Exercise data:
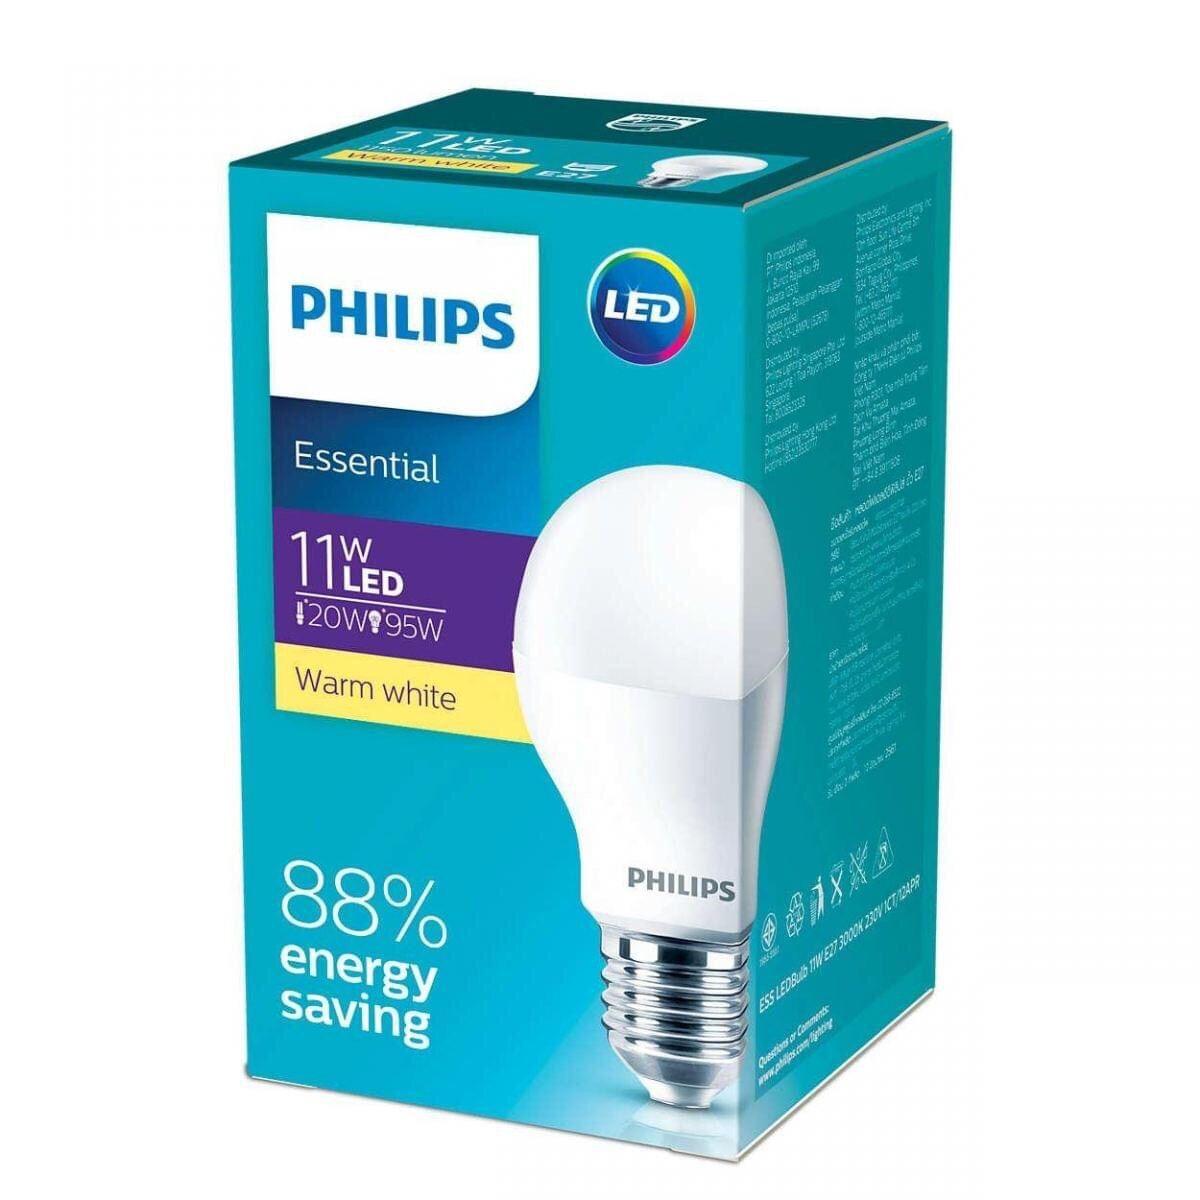 Bóng đèn LED Bulb Essential công suất 5w 7w 9w 11w 13w đui E27 loại rẻ tiền  Philips chính hãng 
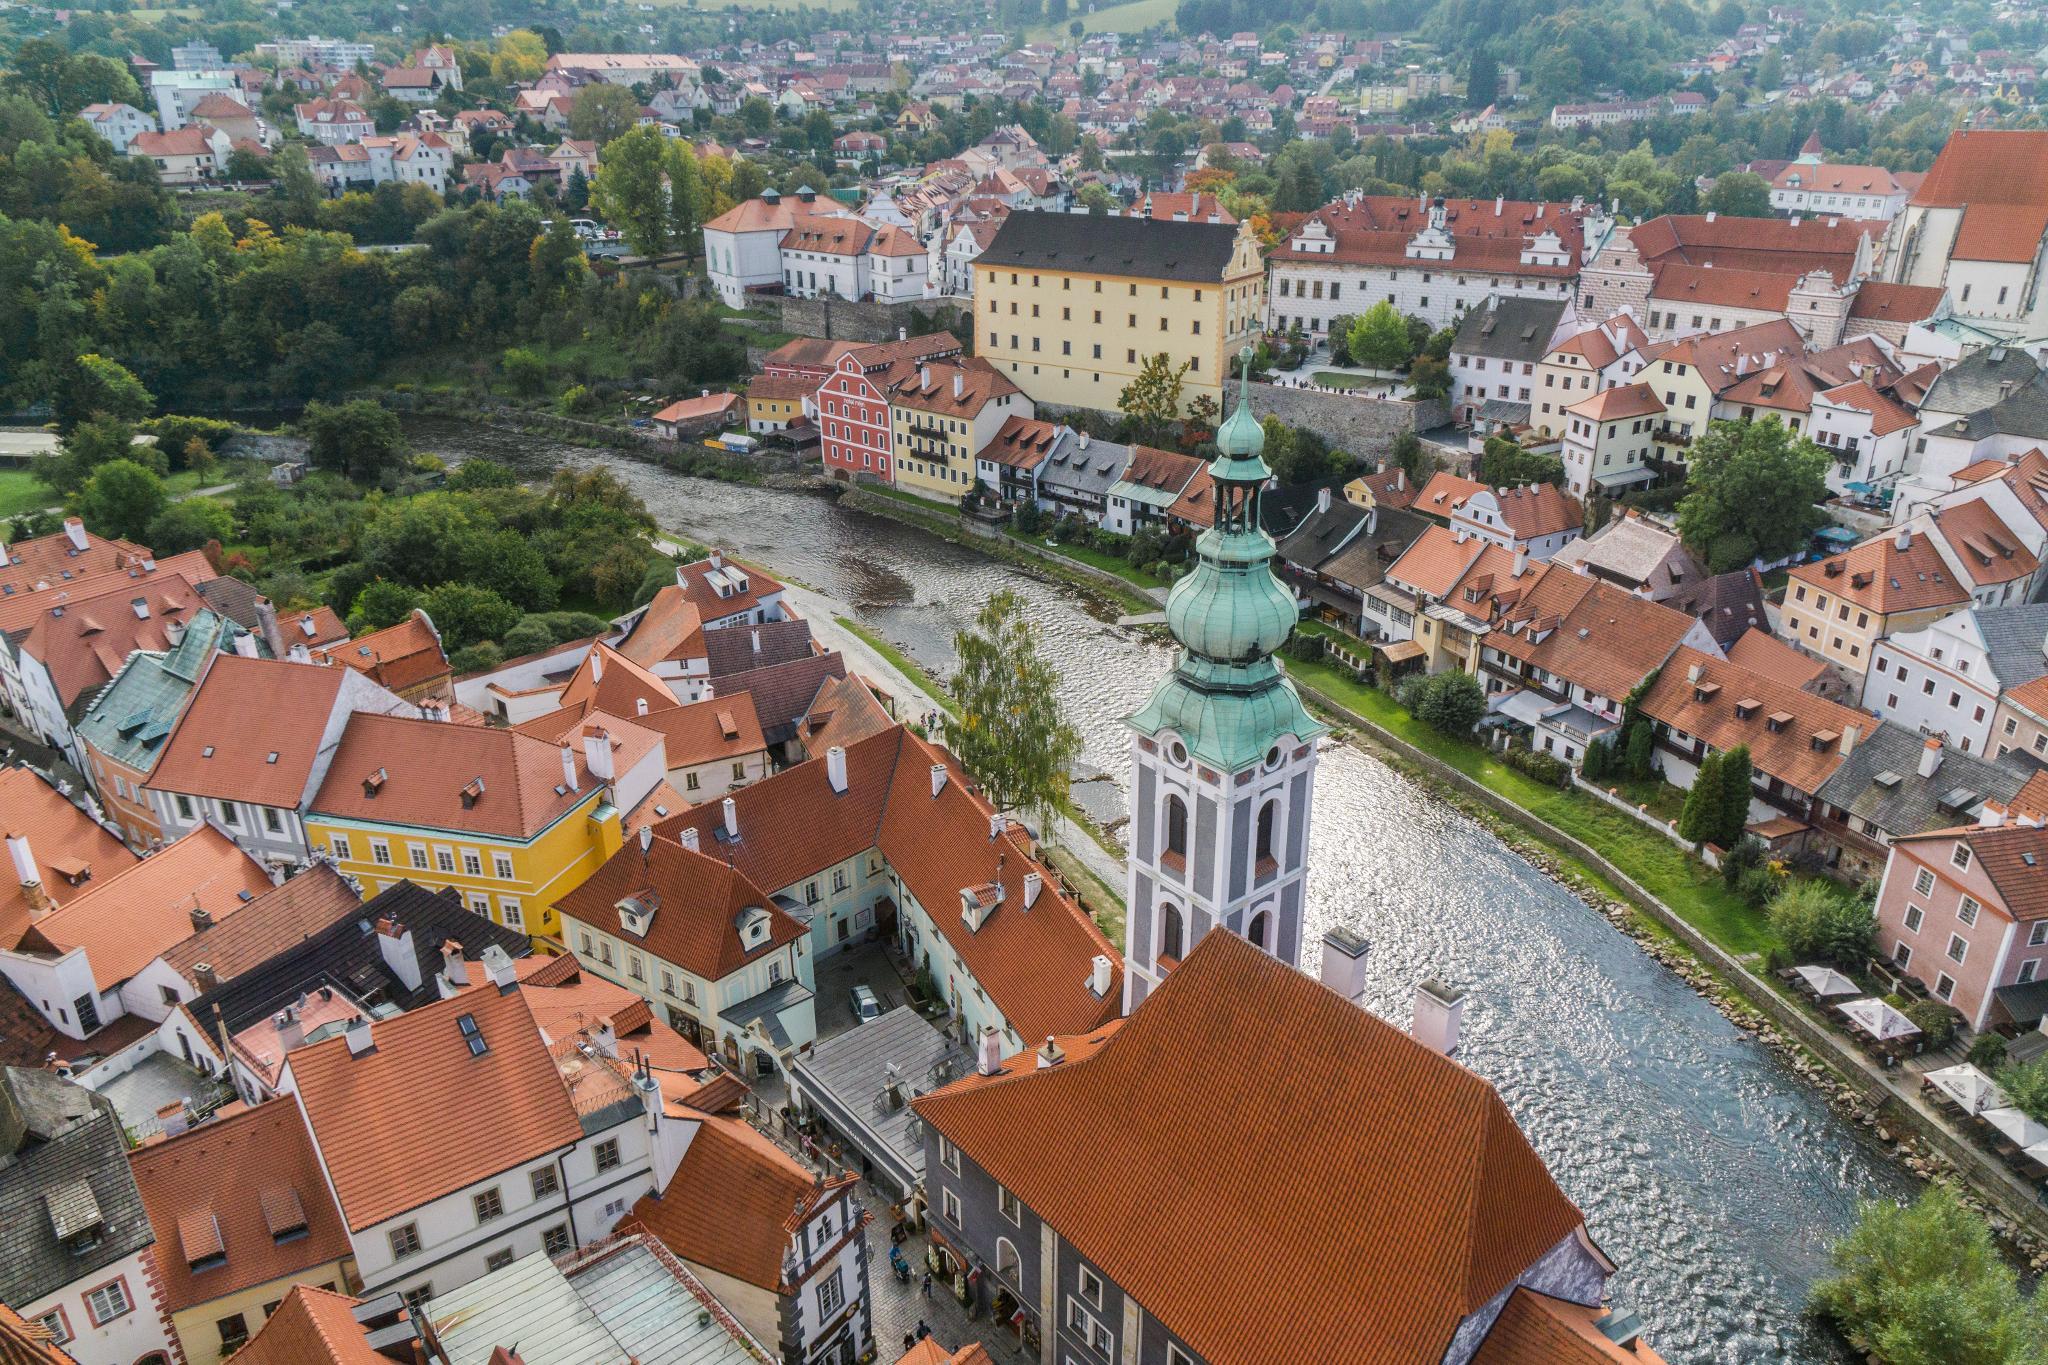 【捷克】穿越時空的波希米亞狂想曲 — Český Krumlov Castle 庫倫諾夫城堡 9
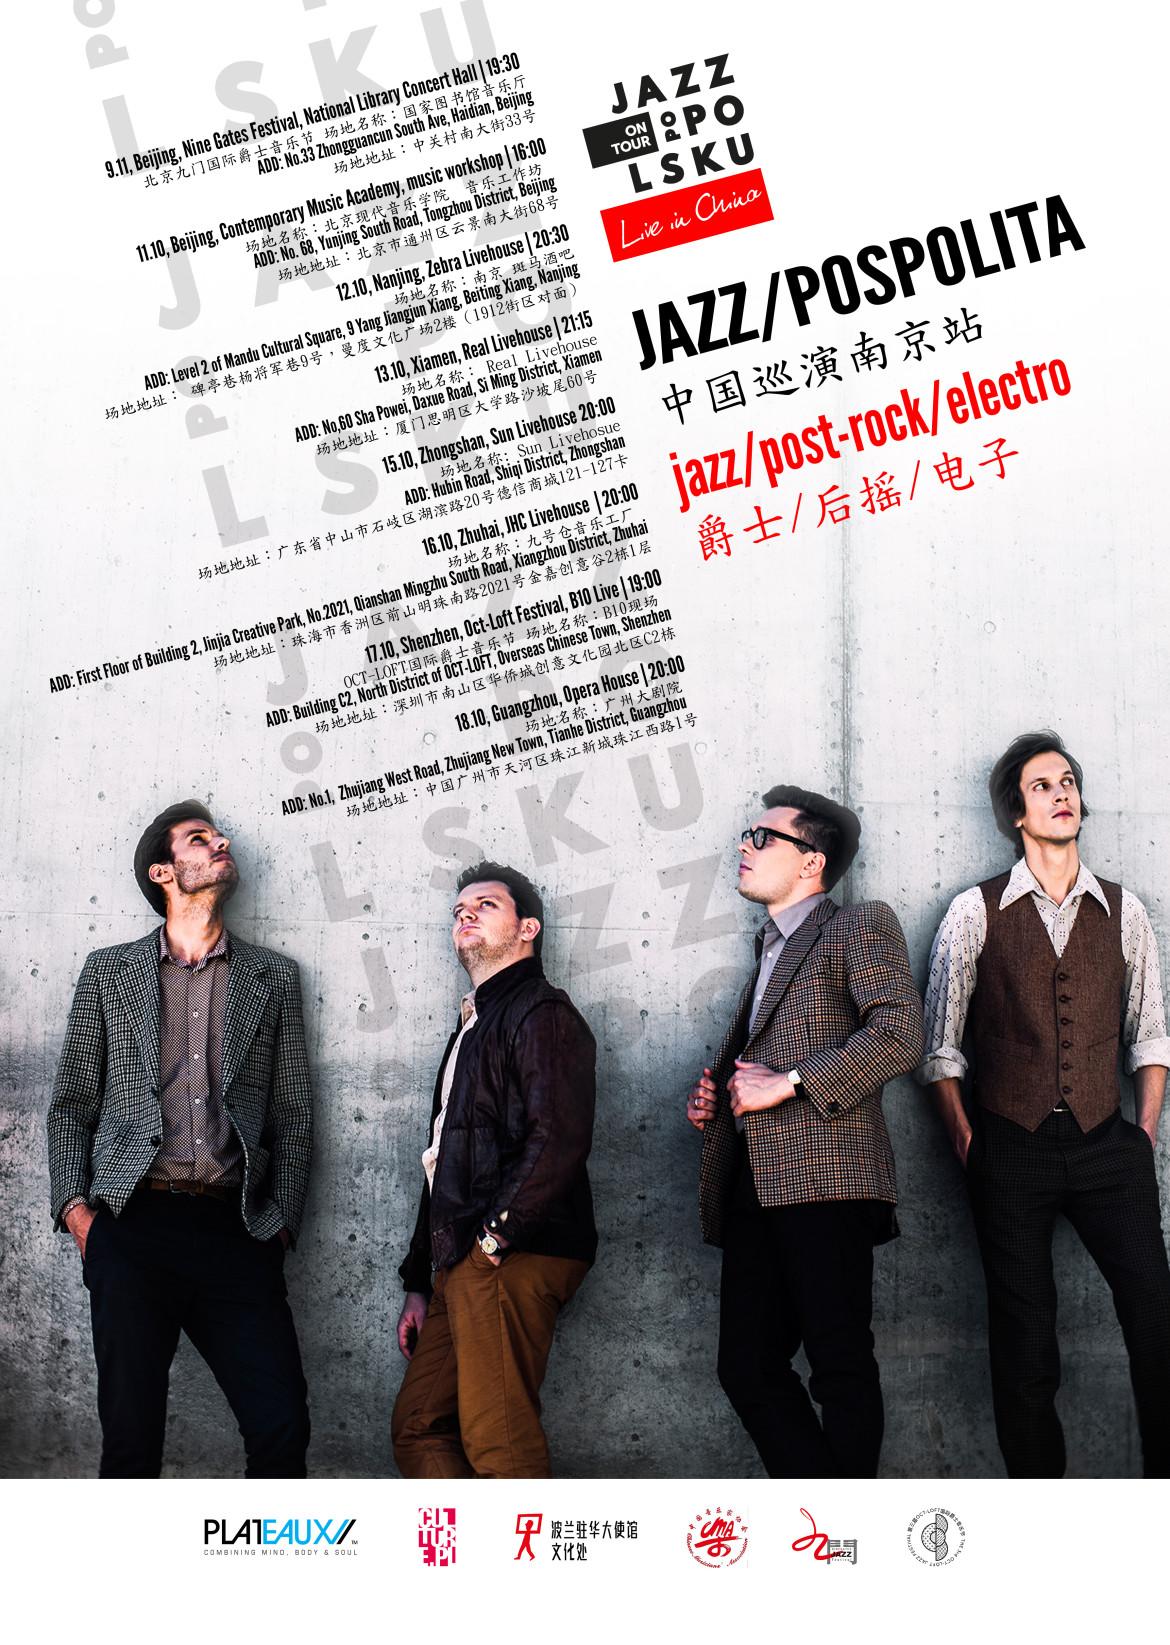 Plakat - Jazzpo China

What this task involves: Please retype the whole listing above word for word and drop the pictures.

Output for this exercise:
 Bóng đèn LED Bulb Essential công suất 5w 7w 9w 11w 13w đui E27 loại rẻ tiền  Philips chính hãng 
 【捷克】穿越時空的波希米亞狂想曲 — Český Krumlov Castle 庫倫諾夫城堡 9
 Plakat - Jazzpo China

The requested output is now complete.